Learning by wiki
The concept of using wikis for collaborative learning by doing is not new.
There are many projects out there busy having a go, perhaps most notably Wikiversity, but also in lots of schools etc.
There are some pretty straightforward digital education reasons to do it -
- a wiki is a controlled, simplified version of the web that helps with
- learning about sharing knowledge and information
- learning about collaboration and co-learning
- learning about publishing and consuming content
- learning about the wider web
- a wiki is a way to connect content that helps with
- individual learning
- community learning
- contextual learning
- learning by doing
- cross-fertilisation
- a wiki is a way to connect a community that helps
- build a collective culture
- develop expertise, responsibility and ownership
- grow collective knowledge
- generate innovation
- a wiki is more or less what many people do at work ... share their skills & talents
But there are also some significant questions to address -
So there are two sides to Learning by wiki -
- learning by the individual students/teachers/parents etc
- institutional learning about learning by wiki
Part of point of the {!ctf} extension on this wiki is to generate the sort of dataset that can shine a light on some of these questions.

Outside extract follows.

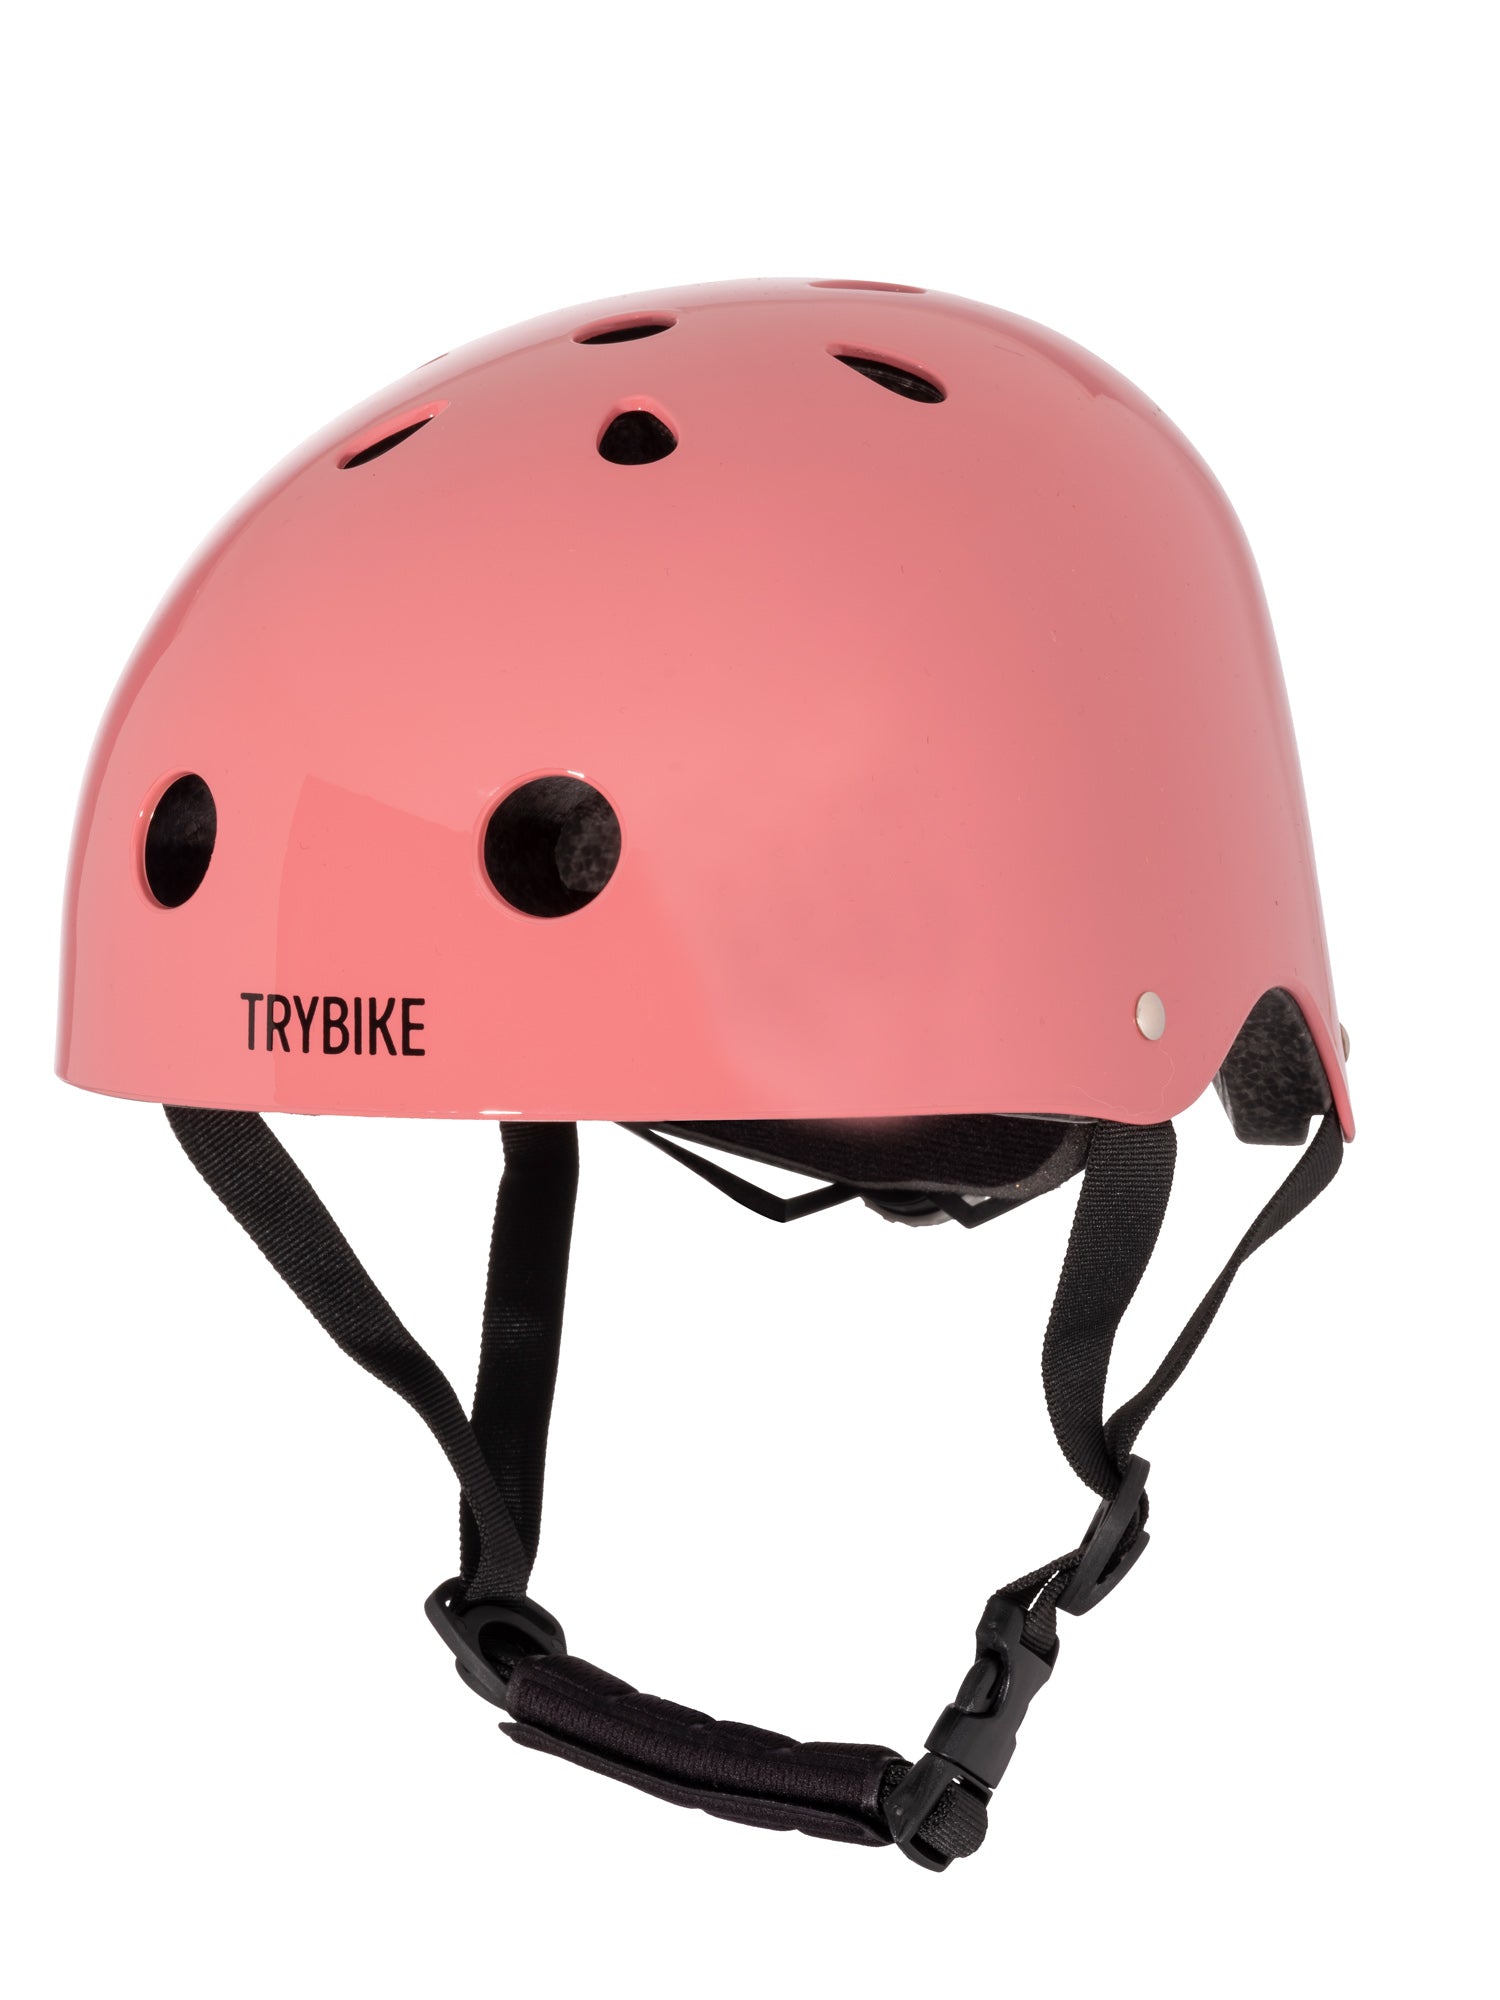 Casque Rose taille M - TRYBIKE CoCo11 S 8719189161366

The traffic passing along links is used to deliver Related Pages, Personal Recommendations etc, and this clickstream data builds into timeseries that can be analysed to observe things like engagement, overlap, precision, convergence & divergence. Flows through links within the text, and those put there by the extension, can be compared so there is an element of "control". This can be related to other timeseries data the school might have available to it (e.g. see Monitoring the school's progress).
An important goal of using a wiki could be to produce some useful research in this important area.